Am besten ist es, dem Wasser eines der fäulnißwidrigen Mittel zuzusetzen, und ich spreche hiermit den Wunsch aus, daß in jeder Haushaltung ein Glas mit einer der früher genannten antiseptischen Lösungen (Carbol-, Salicyl-, Borlösung), welche in jeder Apotheke zu haben sind, vorräthig gehalten werden möge.

Wenn man dann als Verband auf die Wunde ein Stück reine Leinwand (Compresse) legt, welche in diese Flüssigkeit getaucht ist, so ist man sicher, dem Verwundeten wenigstens keinen weiteren Schaden zu thun, bis der Arzt kommt.

Ist kein Arzt in der Nähe und muß der Verwundete zu ihm hingebracht werden, so ist es nothwendig, diesen vorläufigen Verband mittelst eines Tuches oder einer Binde auf der Wunde zu befestigen und zugleich das verwundete Glied gut zu unterstützen.

Ist die Wunde mit einer Schicht von geronnenem Blute überzogen, so hüte man sich, dieselbe abzuwischen oder wegzuspülen, weil man dadurch die Blutung auf’s Neue hervorrufen könnte!“

Wir begegnen in der Regel bei den Wunden noch einer anderen Erscheinung, welche oft den Tod des Verletzten verursacht, der Blutung, deren Gefährlichkeit von der Größe und der Art der geöffneten Adern abhängt. Aber auch diese Gefahr wußte die Chirurgie in der jüngsten Zeit auf die sinn- und erfolgreichste Weise zu mildern, indem sie gegen dieselbe das einfache Mittel der elastischen Einschnürung anwandte. Wir verzichten jedoch darauf, auf dieses Capitel hier näher einzugehen, da wir zu unserer Freude von dem großen Chirurgen, welcher dieselbe erfunden und eingeführt hat, von Professor Fr. Esmarch selbst, einen speciell dieses Thema behandelnden Artikel für die „Gartenlaube“ freundlichst zugesagt erhielten.


2.0 Die erste Hülfe bei Brandverletzungen.

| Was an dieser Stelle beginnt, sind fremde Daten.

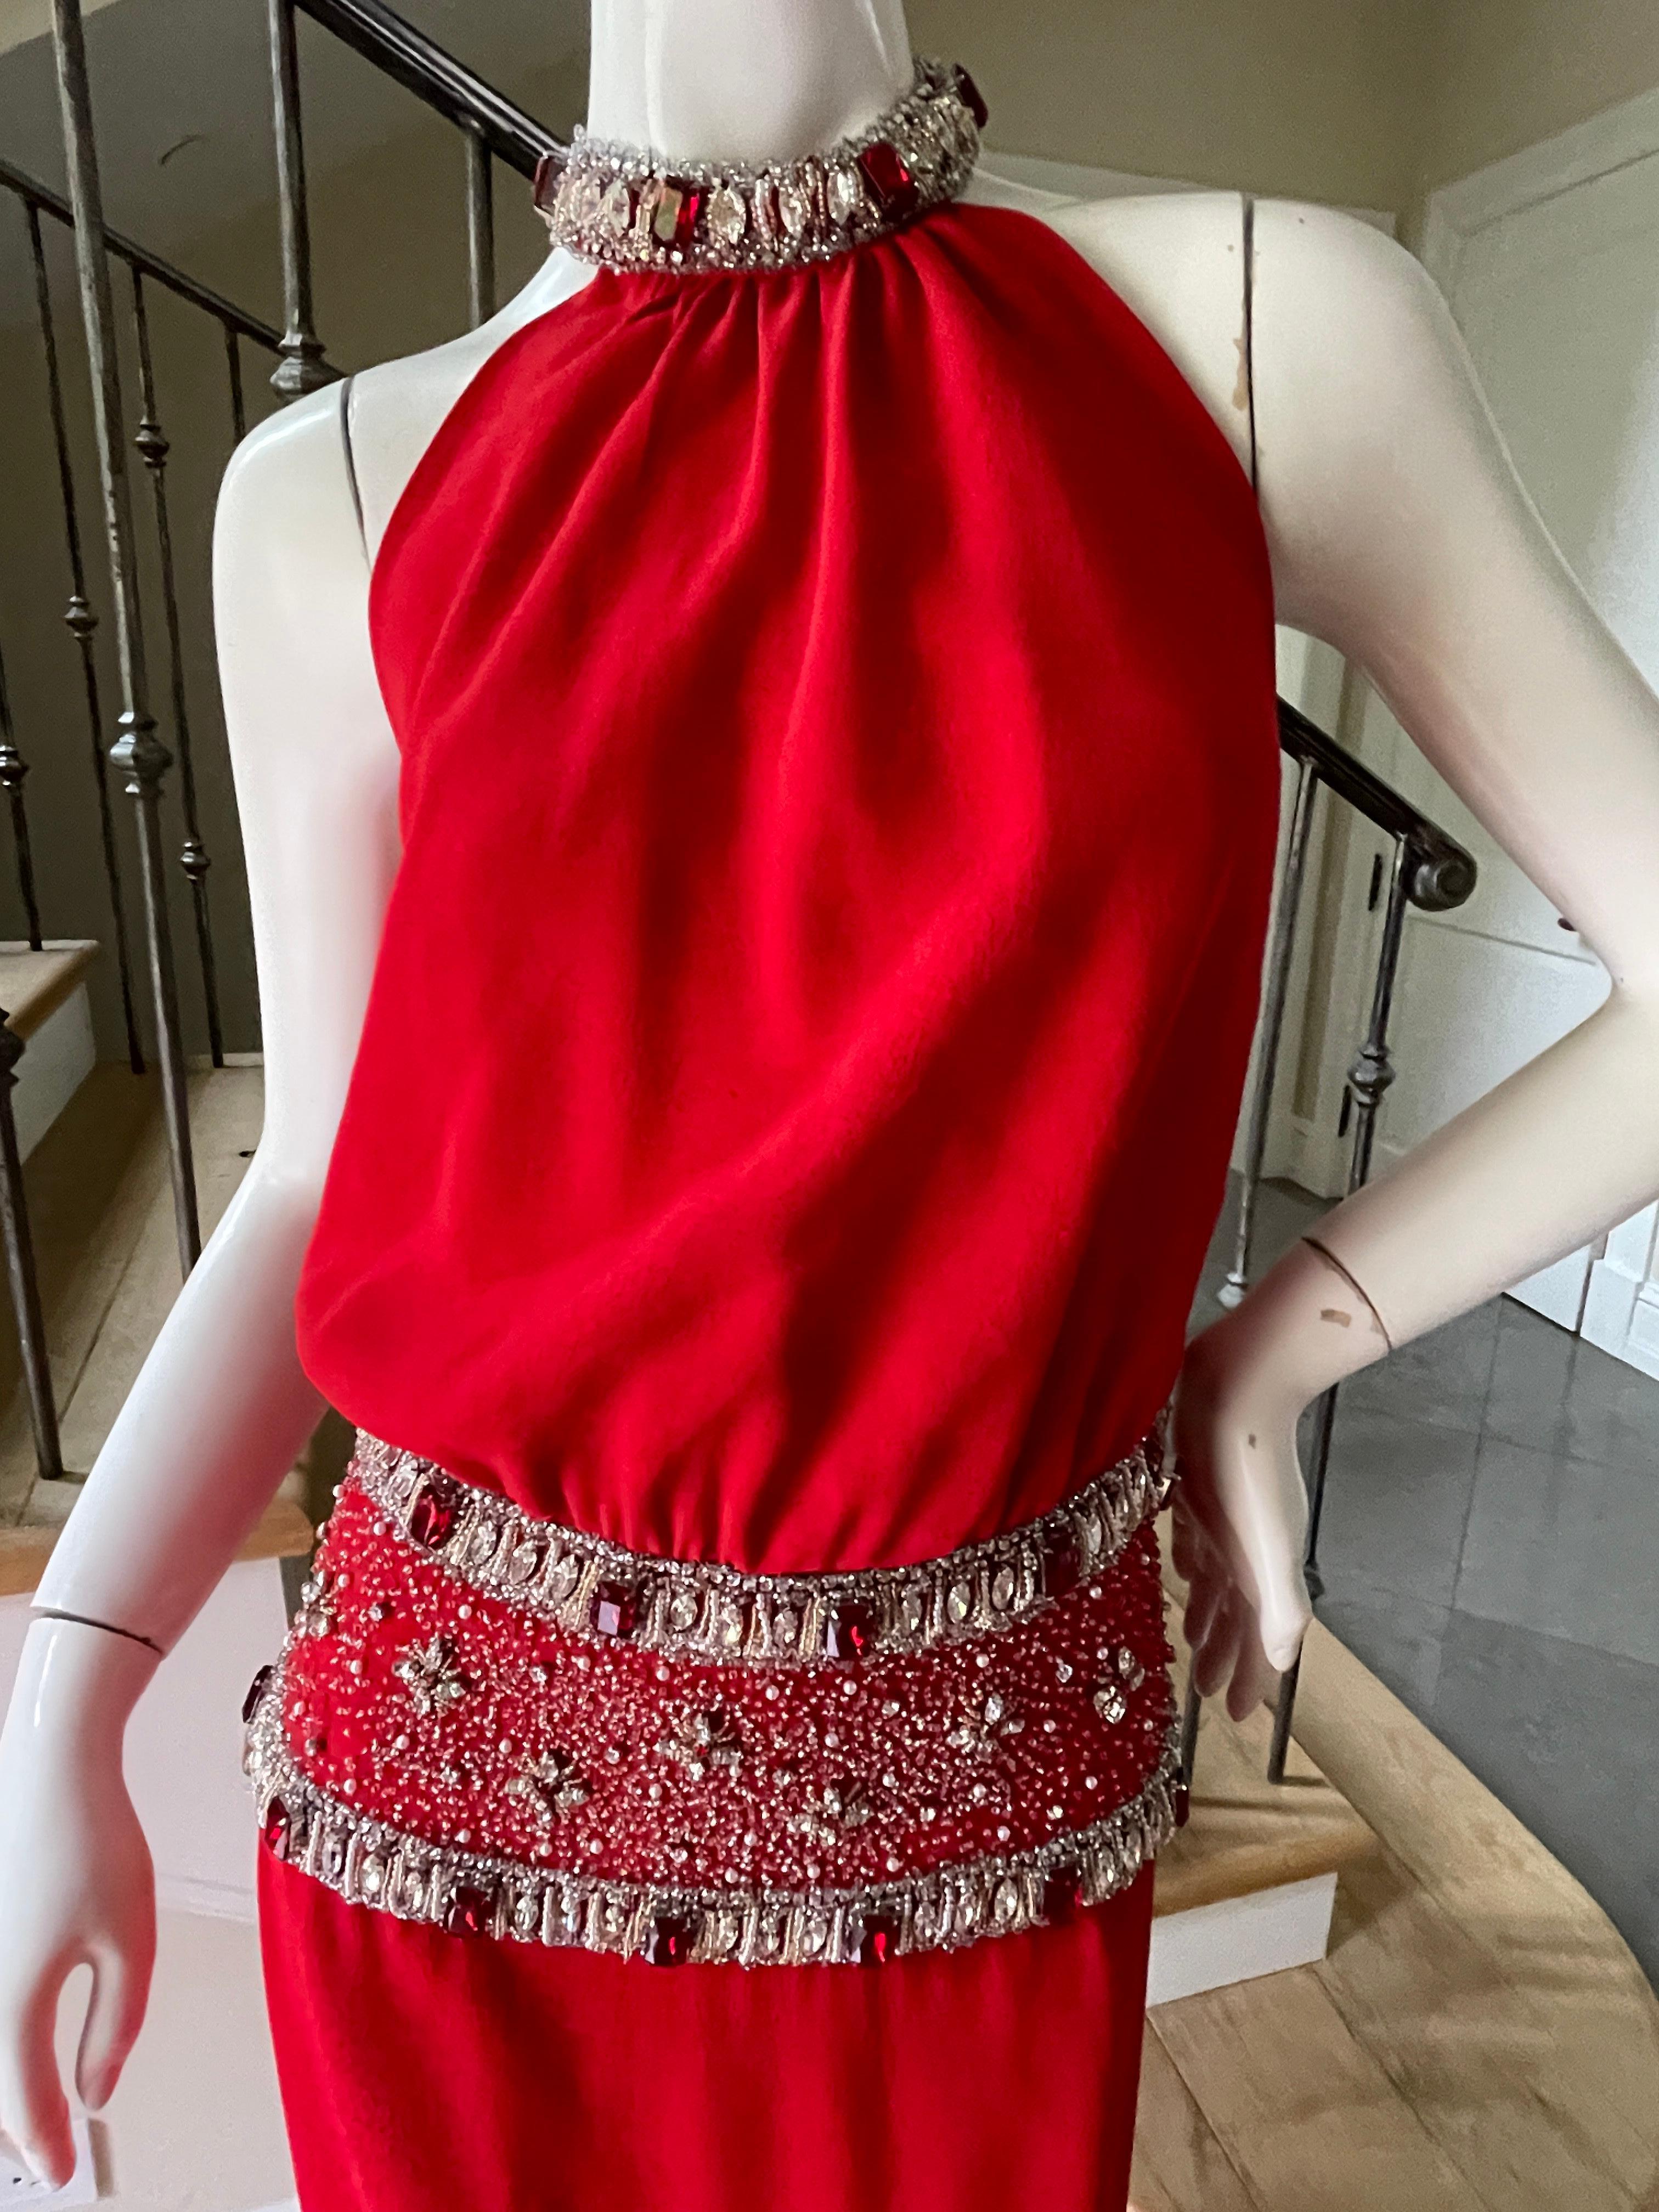 Carolyne Roehm Red Column Evening Dress with Jewel Embellished Waist and Collar  In Excellent Condition For Sale In Cloverdale, CA
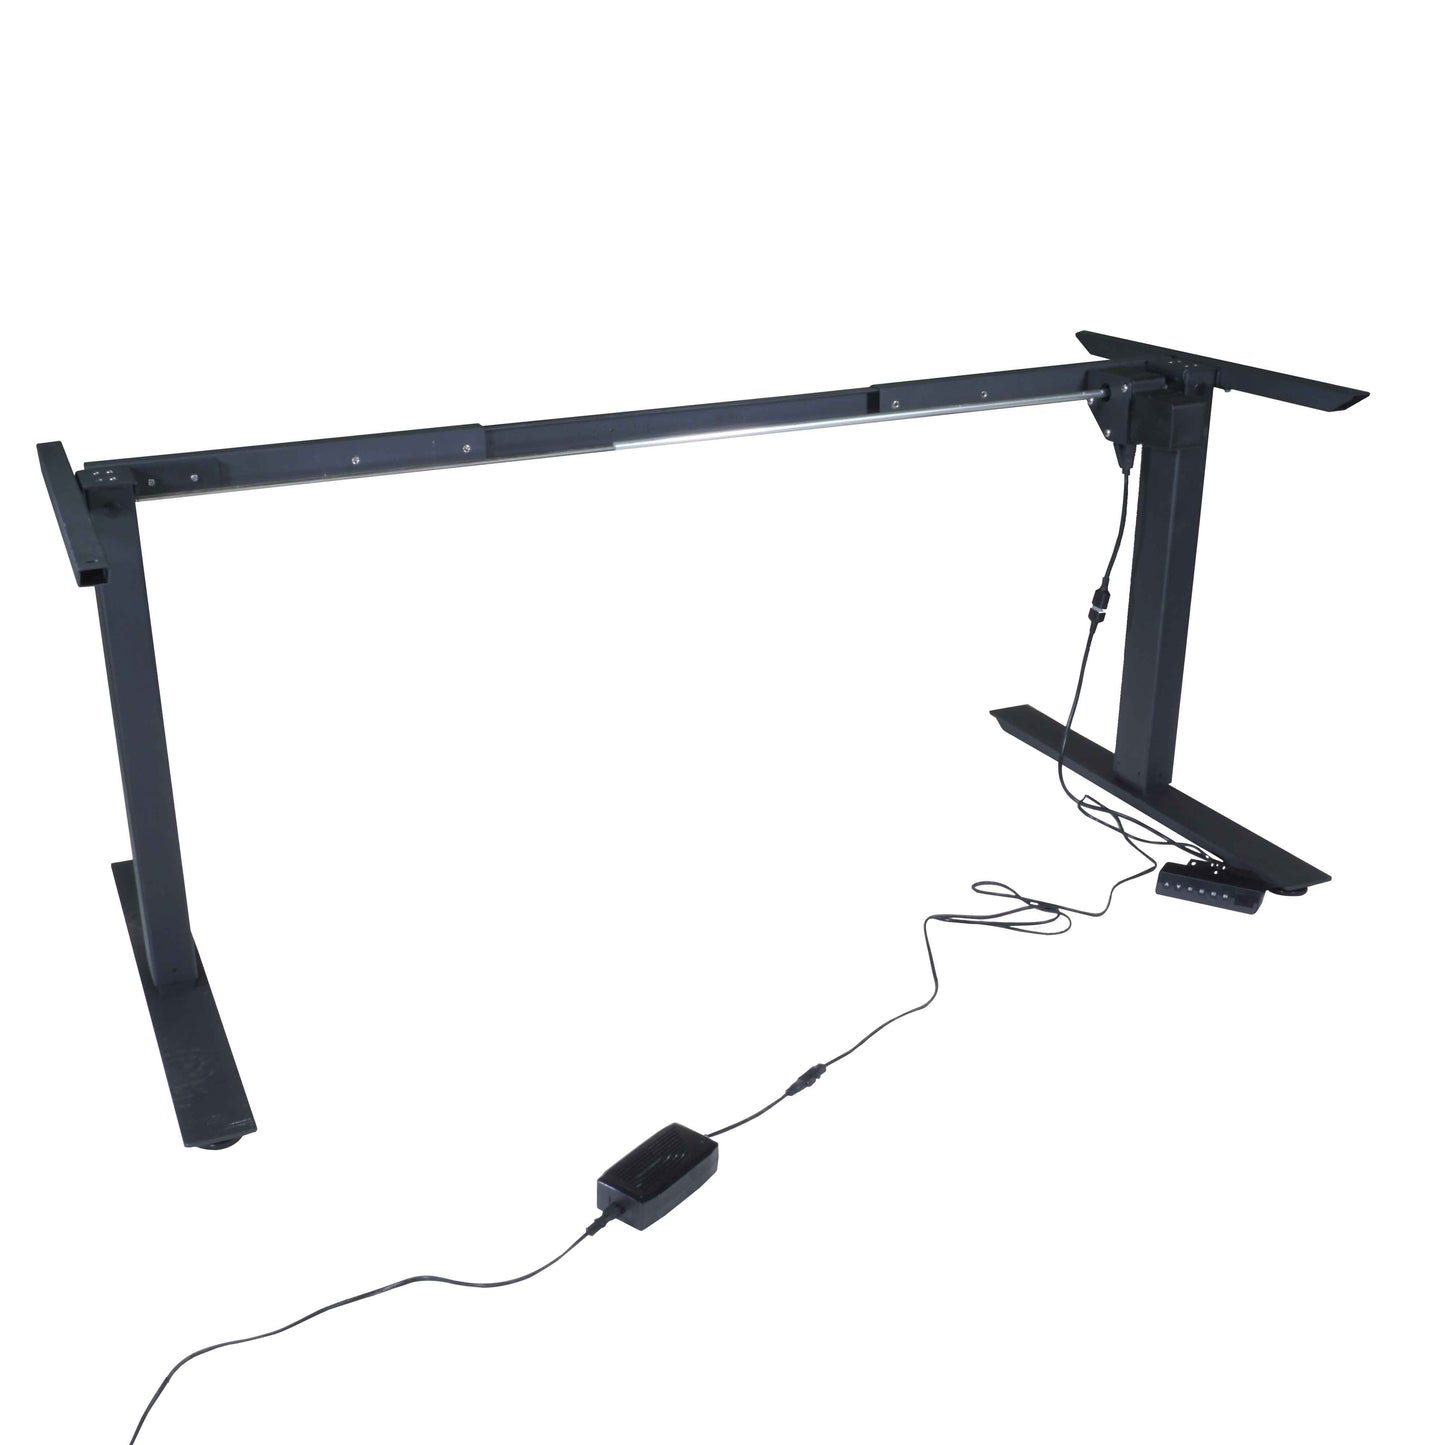 Single Motor Electric Adjustable Height A2 Sit-Stand Desk (Black) - view 6

Es sei uns noch gestattet, auf die Verhütung und Behandlung einer Verletzung einzugehen, welche in Folge von Unvorsichtigkeiten leider so oft in den Familien vorkommt und von den schmerzlichsten und gefährlichsten Folgen begleitet sein kann. Es ist dies die durch Einwirkung starker Hitze, des Feuers, der Flamme oder geschmolzener Metalle auf die Haut und die darunter liegenden Theile entstehende Verbrennung, oder die durch heißes Wasser oder

  1. „Die erste Hülfe bei plötzlichen Unglücksfällen“ von Dr. Friedrich Esmarch. (Leipzig, F. C. W. Vogel. Preis 1,50 Mark.)

Anmerkungen (Wikisource)

  1. Joseph Lister (1827-1912)
Empfohlene Zitierweise:
Verschiedene: Die Gartenlaube (1882). Leipzig: Ernst Keil, 1882, Seite 311. Digitale Volltext-Ausgabe bei Wikisource, URL: https://de.wikisource.org/w/index.php?title=Seite:Die_Gartenlaube_(1882)_311.jpg&oldid=- (Version vom 21.2.2023)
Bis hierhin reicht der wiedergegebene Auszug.